Make sure your plugs are the correct colour to indicate clean running, if they are sooty and fouled then they may be not able to throw a spark so you can clean them in a number of ways, I use a hot flame like a map gas flame and heat therm till the electrode goes reddish then the muck just wipes off as they cool. Hold them in the plug spanner as you do this to save fingertips. If you find them fouled then ask why, I dare say you have more fuel then you need and the number one culprit is the cranking enrichment since it can run good once warm but starting is always a pain. You may simply in old terms be flooding it. Most ecus have a flood clear function if you hold 100 percent throttle they will; cut all fuel and you can crank it over to dispell the fuel and then release the throttle and start over. Before trying read about your ecu and make sure.
Are your itbs synced nicely? There are vacuum gauges you can fit to test them all simultaneously.

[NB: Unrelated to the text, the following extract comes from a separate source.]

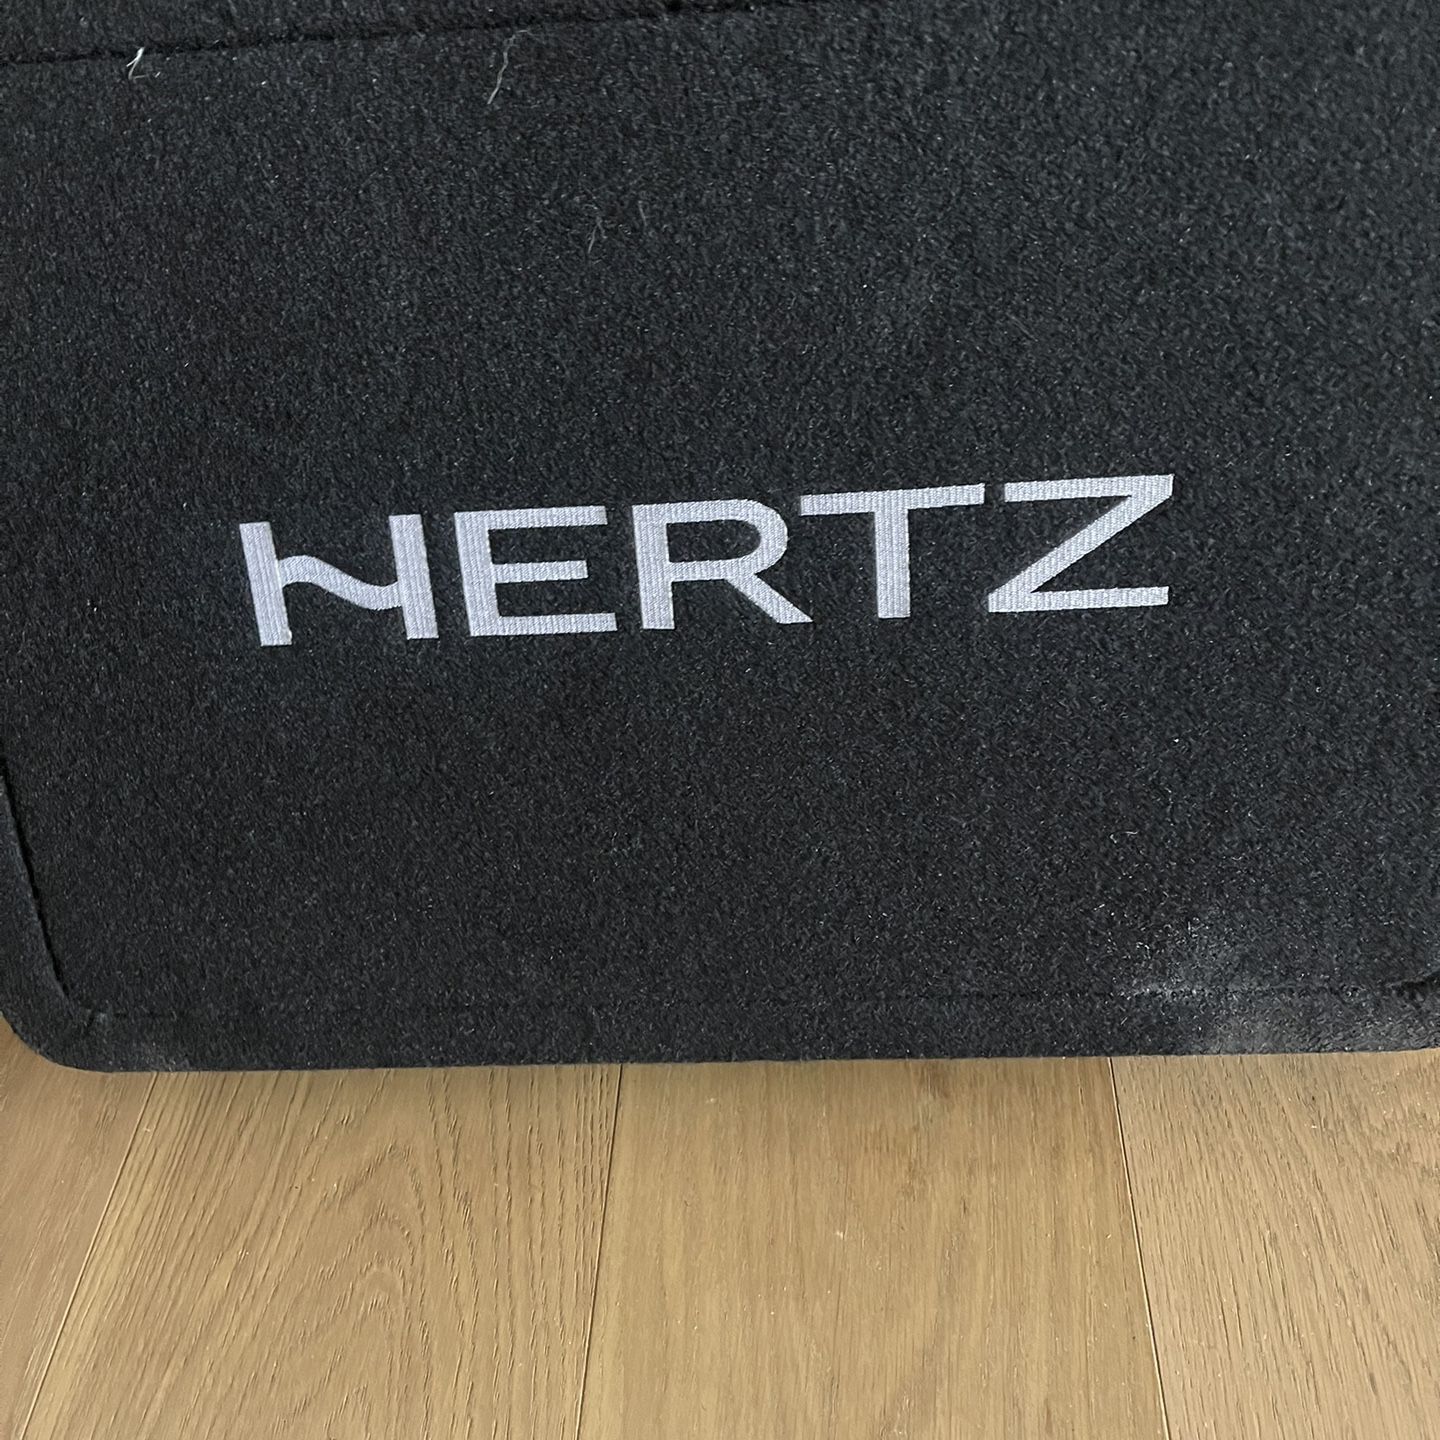 Hertz 10 Inch Subwoofer 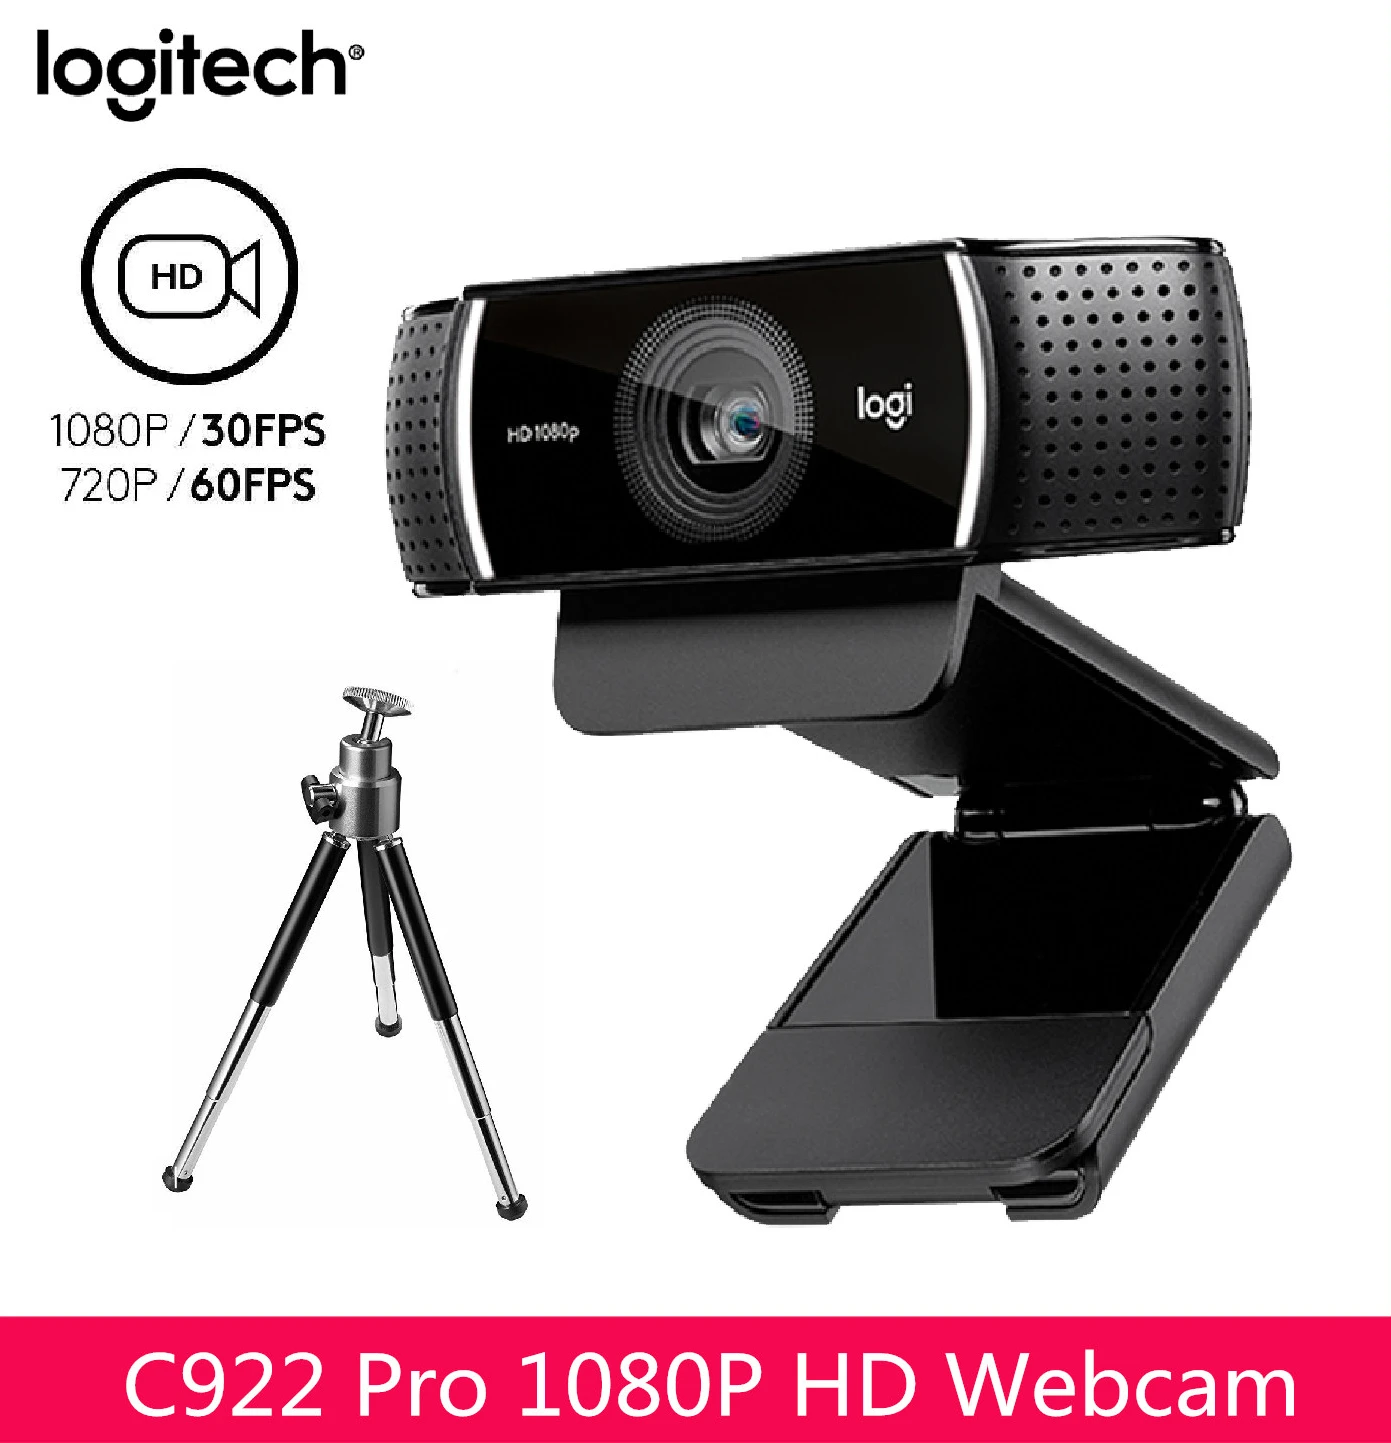 

Original Logitech C922 Pro Webcam Built-in Microphone With Tripod 1080p HD Camera C922 Logitech 1080P Web 30FP

Also, there is a correct way of adjusting all the butterflies and stops using feeler gauges if you have uneven amounts of air from one cylinder to another. You need the original manual from the donor vehicle that gave up your 20v.
I dare say your alternator is charging as the thing would be flat as without it, lots of cranking and a 2 hour drive would surely completely flatten the battery if it was not charging.
Good luck. Start with the basics, the setup and the fundamentals and you will make a lot of improvements usually.
Im more knowledgable about adaptronics but I'm sure if you post your haltech map, someone who also uses haltech might load it up and go through it for you to check what I've described above, but really if you intend to own and live with an aftermarket ecu, you really should be the one to study it. Tuners just want a quick buck, if you take them a car with fundamental problems then they will just tune it with those issues and you will have wasted your time and money, so get all the fundamentals right first!